My first time with the book review on video: It’s a lot of work but worth a try.

Learned a lot of bacteria and fungi and how they affect the plants – the symbiotic relationship among them. Very interesting. This is a must read for any one aspiring to be have a green thumb – gardener.

The book starts out with the basic science of the food web – how the roots secretes exudates to feed the microbes which in turn feed the the root. The nutrients come from the microbes in the organic world instead of the N-P-K petroleum-based fertilizers.

The food web from USDA.
USDA Food Web

Chapter 2 goes into the soil science – informative but not very interesting.

Chapter 3 covers the bacteria. Now that’s the half of the magic. The two groups: aerobic and anaerobic bacteria.
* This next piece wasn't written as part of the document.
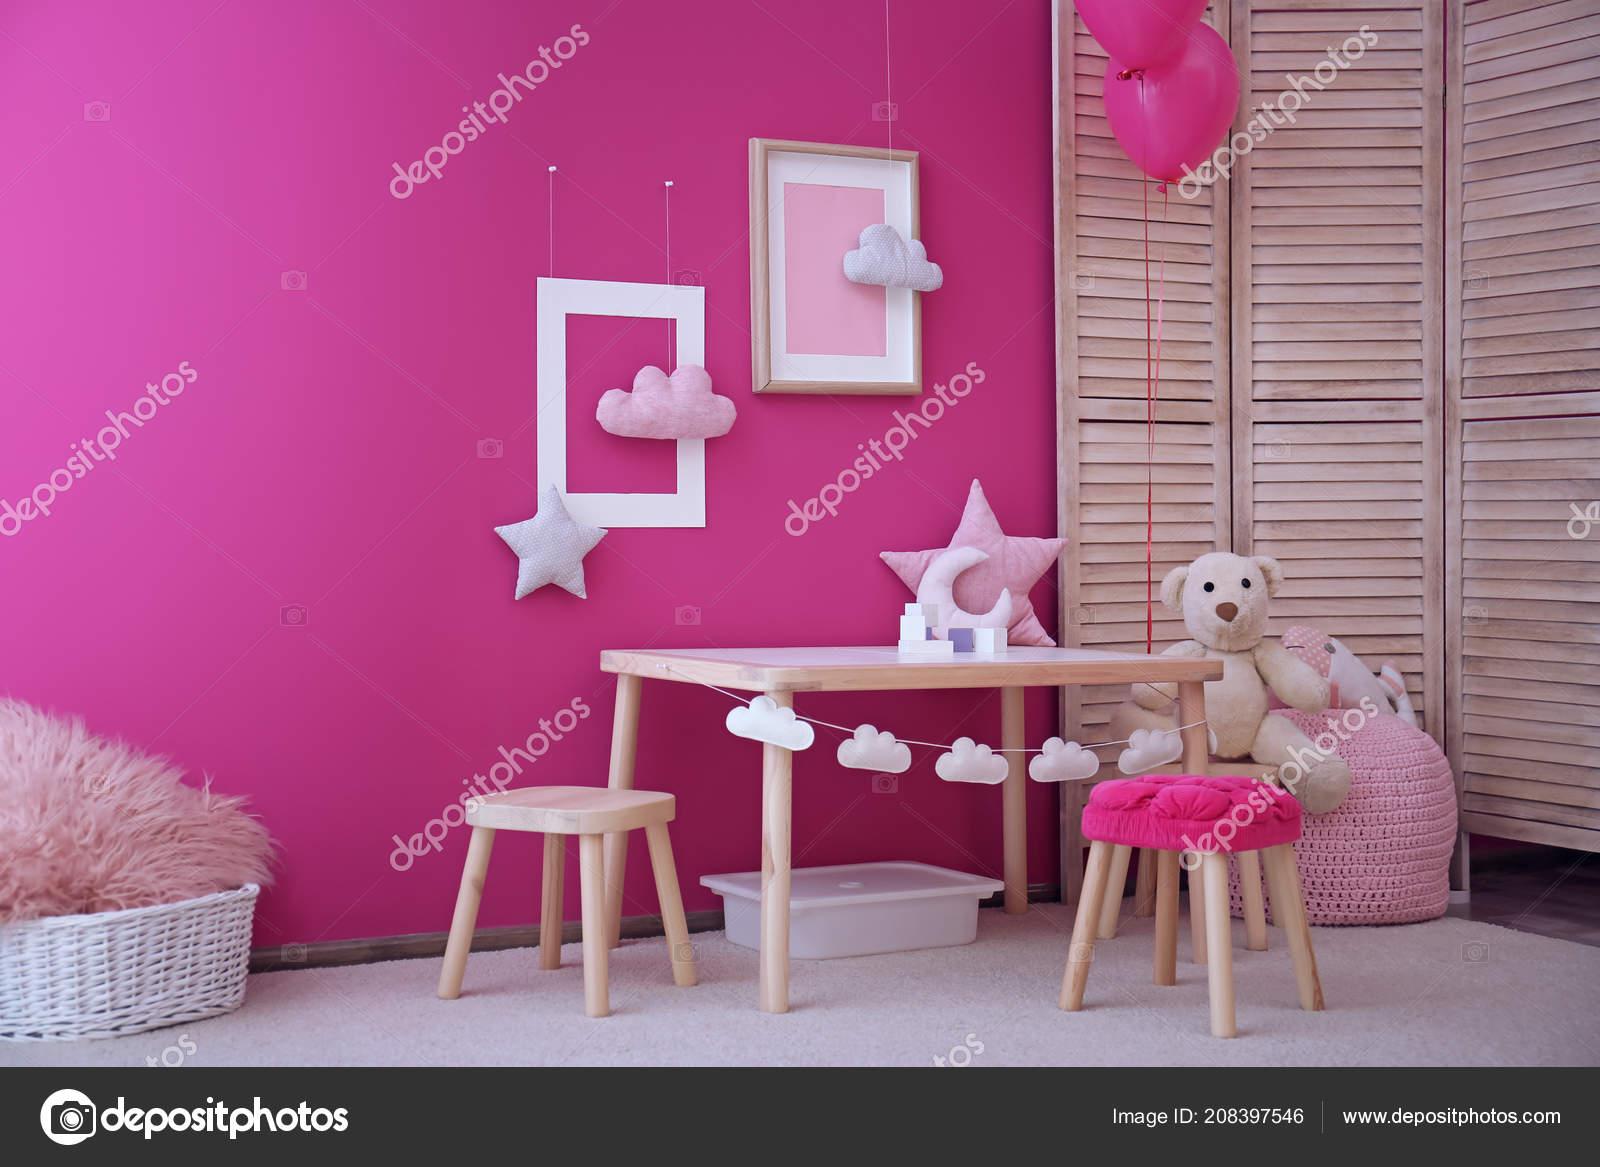 Modern Interior Child Game Room Table Chairs Toys Stock Photo C Liudmilachernetska Gmail Com 208397546

The good soil smell comes from the volatile chemicals given out by the actinomycetes – particularly adept at decaying cellulose (long chain of carbon-based glucose that gives plants structure) and chitin. The Nitrogen cycle is introduced here.

Chapter 4 covers the fungi. The job of fungi is still mysterious to many scientists and it’s a huge topic by itself. I think this chapter added more confusion than clarification. I’ll find other sources to dig deeper.
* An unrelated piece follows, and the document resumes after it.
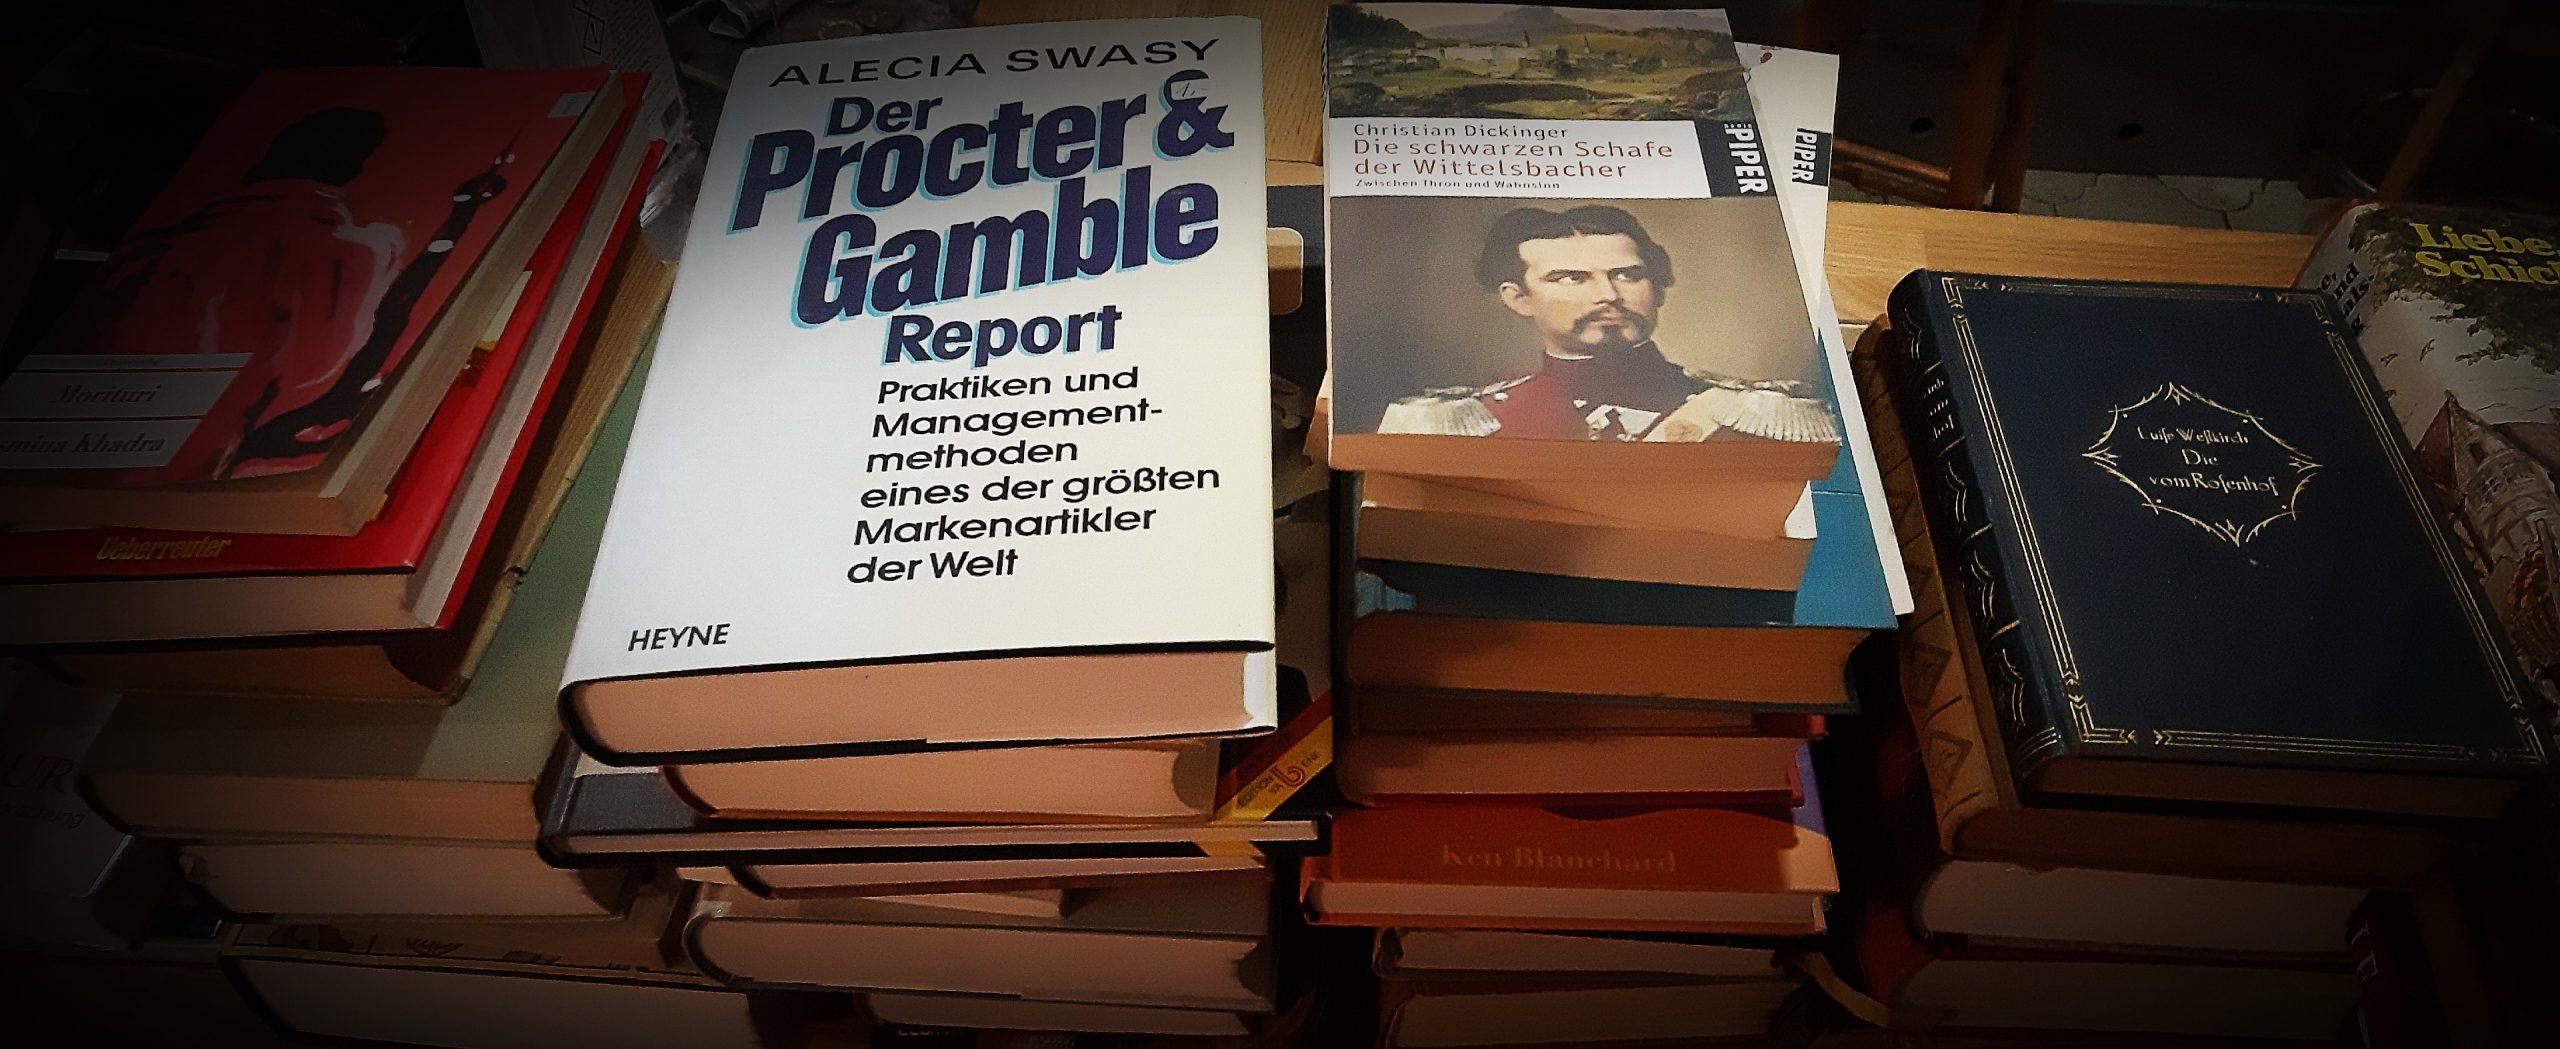 bücher neu read!!ing room 2021 januar

Chapter 5, 6, 7, 8, 9, 10, 11 cover the Algae and Slim Molds. (Not much there). Protozoa (single-cell organism that eats bacteria), Nematodes (nonsegmented, blind roundworms), antropods (flies, beetles, and spiders), earthworms, and gastropods (snails), reptiles, mammals, and birds.

Part 2: is about applying soil food web science to yard and garden care.
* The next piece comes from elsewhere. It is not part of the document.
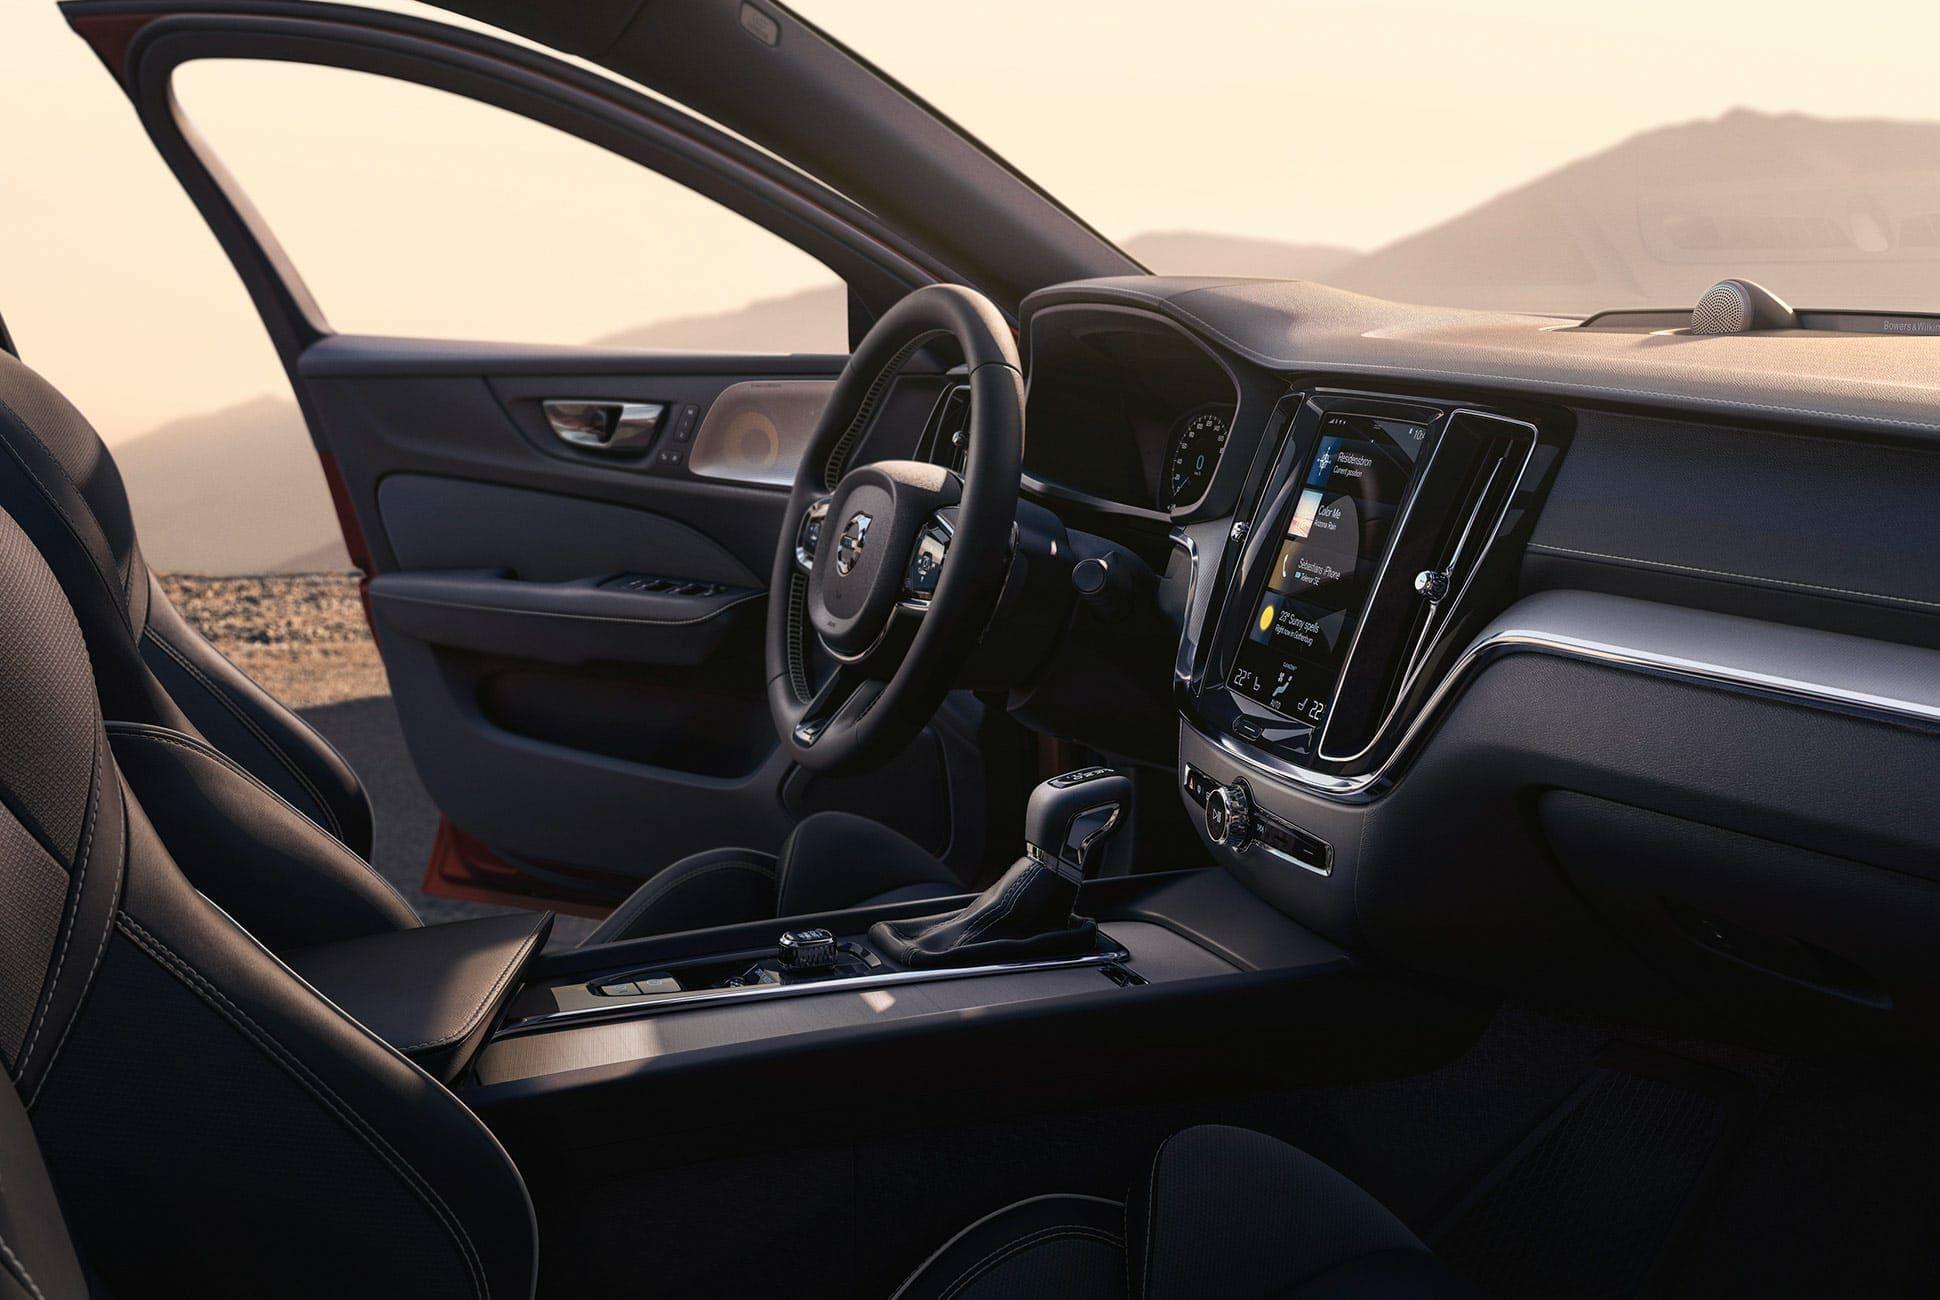 Volvo-S60-Review-gear-patrol-slide-6

I got the most out of the compost tea making. But for the most parts the following 19 rules are the key points:

1) Some plants prefer soils dominated by fungi; others prefer soils dominated by bacteria.
2) Most vegetables, annuals, and grasses prefer their nitrogen in nitrate form and do best in bacterially dominated soils.
3) Most trees, shrubs, and perennials prefer their nitrogen in ammonium form and do best in fungal dominated soils.
4) Compost can be used to inoculate beneficial microbes and life into soils around your yard and introduce, maintain, or alter the soil food web in a particular area.
5) Adding compost/ compost teas and its soil food web to the surface of soil will inoculate the soil with the same soil food web.
6) Aged, brown organic materials support fungi; fresh, green organic materials support bacteria.
7) Mulch laid on the surface tends to support fungi; mulch worked into the soil tends to support bacteria.
8) If you wet and grind mulch thoroughly, it speeds up bacterial colonization.
9) Coarse, dryer mulches support fungal activity.
10) Sugars help bacteria multiply and grow; kelp, humic and fulvic acids, and phosphate rock dusts help fungi grow.
11) By choosing the compost you begin with and what nutrients you add to it, you make teas that are heavily fungal, bacterially dominated, or balanced.
12) Compost teas are very sensitive to chlorine and preservatives in the brewing water and ingredients.
13) Applications of synthetic fertilizers kill off most or all of the soil food web microbes.
14) Stay away from additives that have high NPK numbers.
15) Follow any chemical spraying or soil drenching with an application of compost tea.
16) Most conifers and hardwood trees (birch, oak, beech, and hickory) form mycorrhizae with ectomycorrhizal fungi.
17) Most vegetables, annuals, grasses, shrubs, softwood trees, and perennials form mycorrhizae with endomycorrhizal fungi.
18) Rototilling and excessive soil disturbance destroy or severely damage the soil food web.
19) Always mix endomycorrhizal fungi with the seeds of annuals and vegetables at planting time or apply them to roots at transplanting time.